This is exactly what I noticed when looking at the pictures. The structure is just off.


----------



## CAROLINA MOM (May 12, 2009)

This info is from the Labrador Retriever Club-

https://thelabradorclub.com/about-the-breed/breed-standard/#1475691348706-a249cb59-98a4

*Color-*



> The Labrador Retriever coat colors are black, yellow and chocolate. Any other color or a combination of colors is a disqualification. A small white spot on the chest is permissible, but not desirable. White hairs from aging or scarring are not to be misinterpreted as brindling.
> 
> Black – Blacks are all black. A black with brindle markings or a black with tan markings is a disqualification.
> 
> ...


----------



## GoldenCamper (Dec 21, 2009)

Just another greeder looking to make a buck. Nothing new sadly.

Yellow chocolate and black for Labs. Goldens are light medium and dark shades of gold. 

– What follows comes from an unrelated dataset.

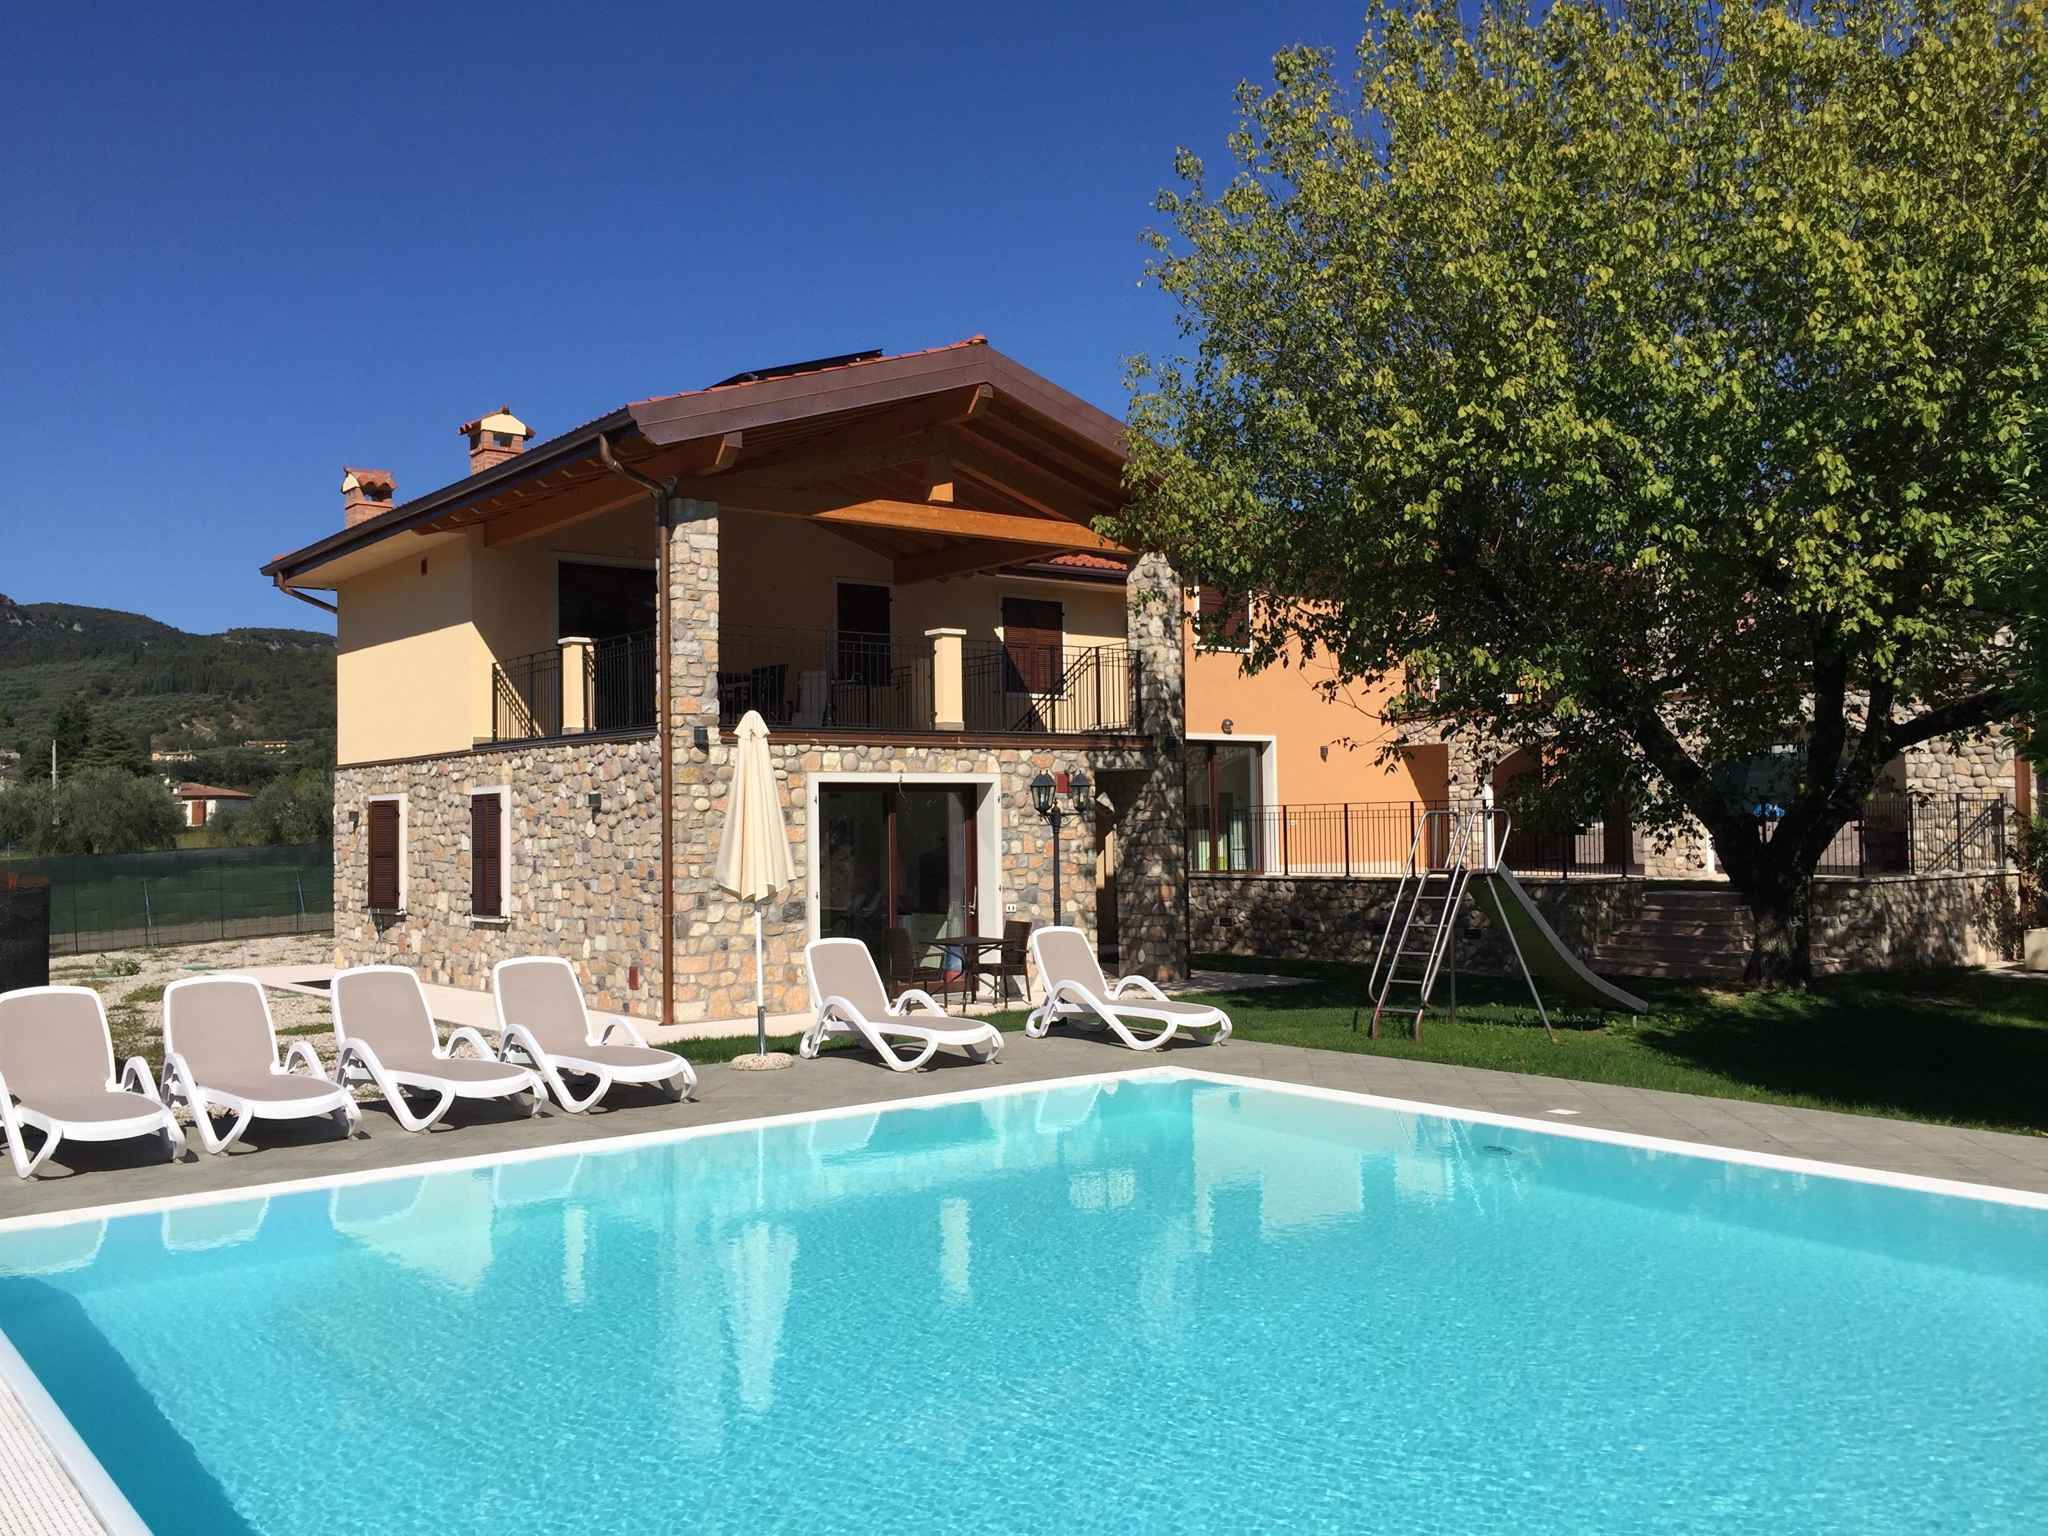 Ferienwohnung Residenz Rustico (279540), Garda, Gardasee, Venetien, Italien, Bild 3

Some Goldens are described as creme. Never understood why people came to call it that. My Golden happens to have strawberry blonde hair, I hope that doesn't catch on.


----------



## pawsnpaca (Nov 11, 2014)

I have a friend who is a reputable lab breeder and as I understand it, the "fox red" color is a normal and acceptable shade of yellow that sometimes crops up in a litter. If you were getting a lab from a respectable/responsible breeder doing all the "right" things, and the litter just happened to produce a "fox red" puppy, then I don't think there is any reason not to consider buying that pup. On the other hand, if you are looking at a breeder who is breeding specifically for that color, then you'll be running into all the same problems as you find with any breeder who places color above things like health, temperament, or breed standard.


----------



## TheZ's (Jun 13, 2011)

I think in the past there's been a discussion of the red labs here. You can pprobably find it using the search function. I've run into people in our local park that have 2 of them. From a distance I thought they were field type Goldens with very short coats but the owners were proud to tell me they were red labs. I don't remember anything special about them.


----------



## Swampcollie (Sep 6, 2007)

Fox Red is nothing but a dark shade of Yellow. It's nothing new or special.

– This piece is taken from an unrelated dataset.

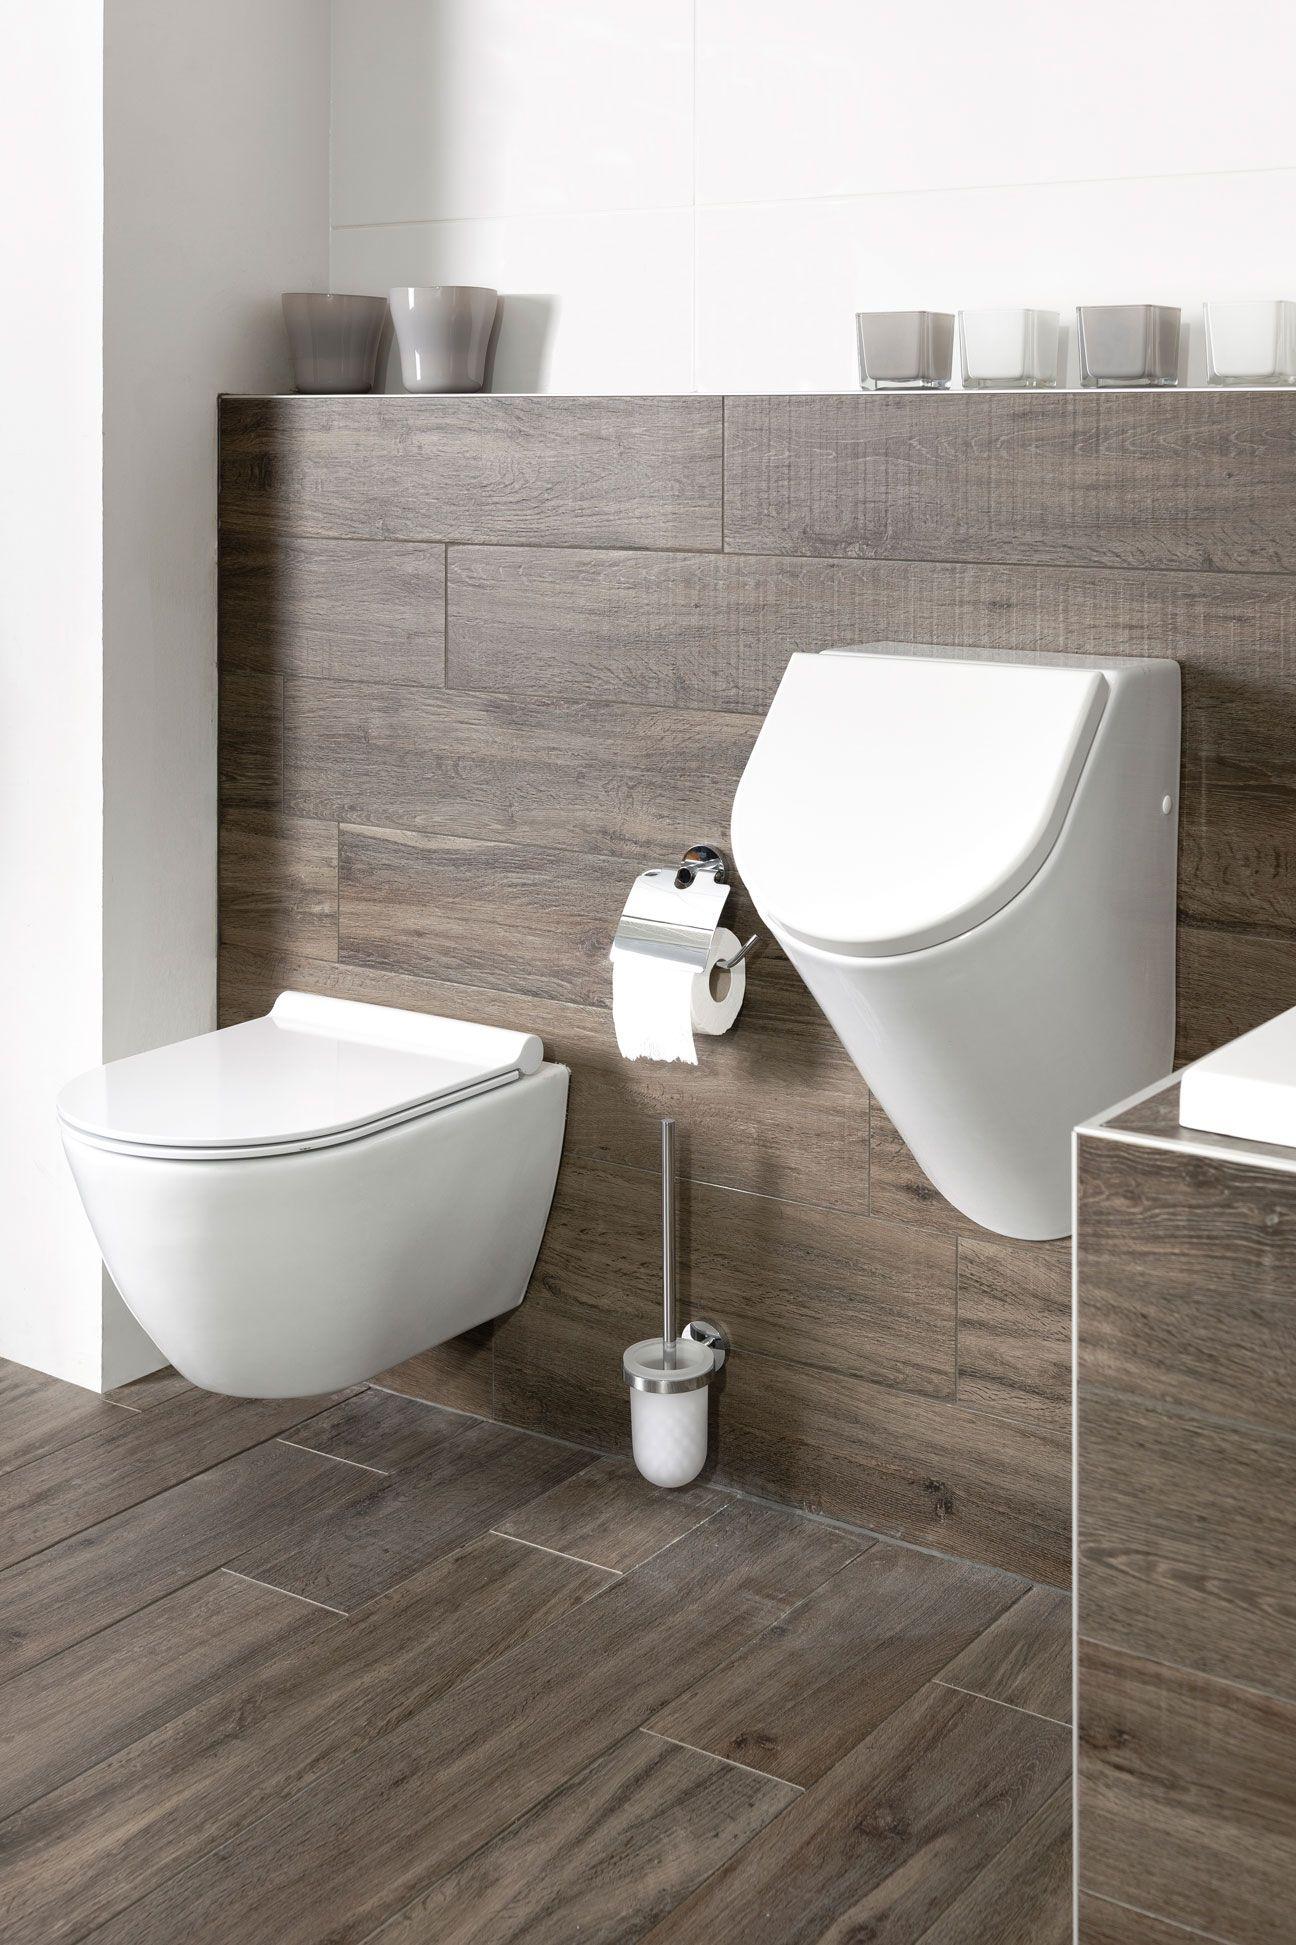 Bidet op toilet 100 images toilets amazon com greenco bidet fresh water spray non - Wc opgeschort ontwerp ...

The Silver crap on the other hand are mixed breeds and not true Labradors at all. I wish the national Lab Club would suck it up and deal with this particular issue once and for all.


----------



## DblTrblGolden2 (Aug 22, 2018)

Swampcollie said:


> Fox Red is nothing but a dark shade of Yellow. It's nothing new or special.
> 
> The Silver crap on the other hand are mixed breeds and not true Labradors at all. I wish the national Lab Club would suck it up and deal with this particular issue once and for all.


Thank you. I actually asked a few people in our area that have good labs and they said the same, however, we apparently have this local guy that is breeding specifically for it. I'm told he also breeds silvers and doodles. The conformation is bad, but I guess it's all in what you want. I had never even heard of it, but I guess I should have.


----------